Who won the Super Bowl six years ago, Geek?
Yeah.
I will tell you, if there are aliens living among us, I know exactly who one of them is.
If they're playing in professional sports, that's not fair.
Yeah.
You can't do that.
I imagine it comes out as like Tom Brady's been an alien this whole time.
That'd be like, bro, it's not fair.
We got to take away all this shit.
Patriots.
They knew.
They knew.
We don't care that there's aliens.
We just care that the Patriots.
Yeah.
We just like, just take all that rings away.
You know, Boston people would love aliens so hard.
Trump was on the verge of revealing that aliens exist, but the aliens in the Galactic Federation
were saying, wait, whoa, whoa, let people calm down first.
This is like insulting to me to hear.
So we can at least agree on the fact that I think aliens are real.

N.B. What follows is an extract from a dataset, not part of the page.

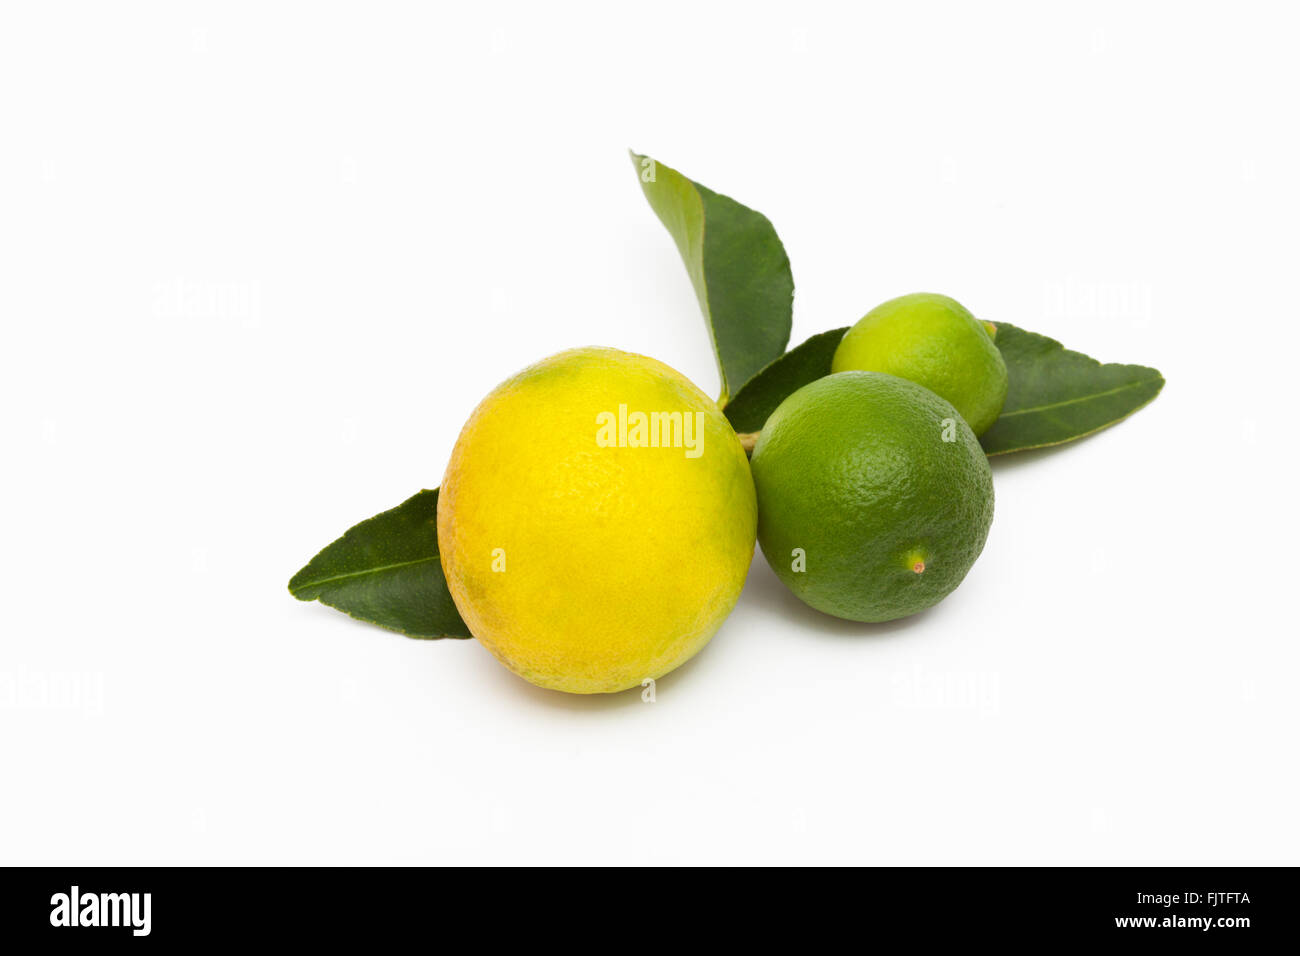 Freshly picked key limes from a Florida garden Stock Photo

Do I think that this man is the whistleblower of a galactic federation like this is Star
Trek?
That would be, I mean, I would love a federation that is galactic.
I'll say that to be on like a board.
You stand on a podium and there's just a bunch of chairs with a bunch of different aliens
and shit.
I would also say that the term galactic, awesome.
The term federation also awesome.
Yeah.
Both of those things.
You know what I mean?
Like, let me just.
Vince McMahon should be on the board here.
Yeah.
Like, what if wrestling federation, Stone Cold, I mean, not Vince McMahon.
Yeah.
Basement Yard is a cool show.
I guess.
I mean, like name for a show, but imagine if it was called like the basement federation.
Yeah.
You'd be like, yo, these guys are making money.
Dude, that would be fucking the galactic basement federation.
You know how ballsy that would be?
Yeah, dude.
That sounds like an underground bunker where only rich people can go when the world ends.
But also they don't want to start in mass hysteria.
They want to make us sane and understanding.
That's compassionate of them.
That's never going to happen.
No, it's not.
As soon as they go, yo, aliens sup, like we can disappear, reappear, we got ships.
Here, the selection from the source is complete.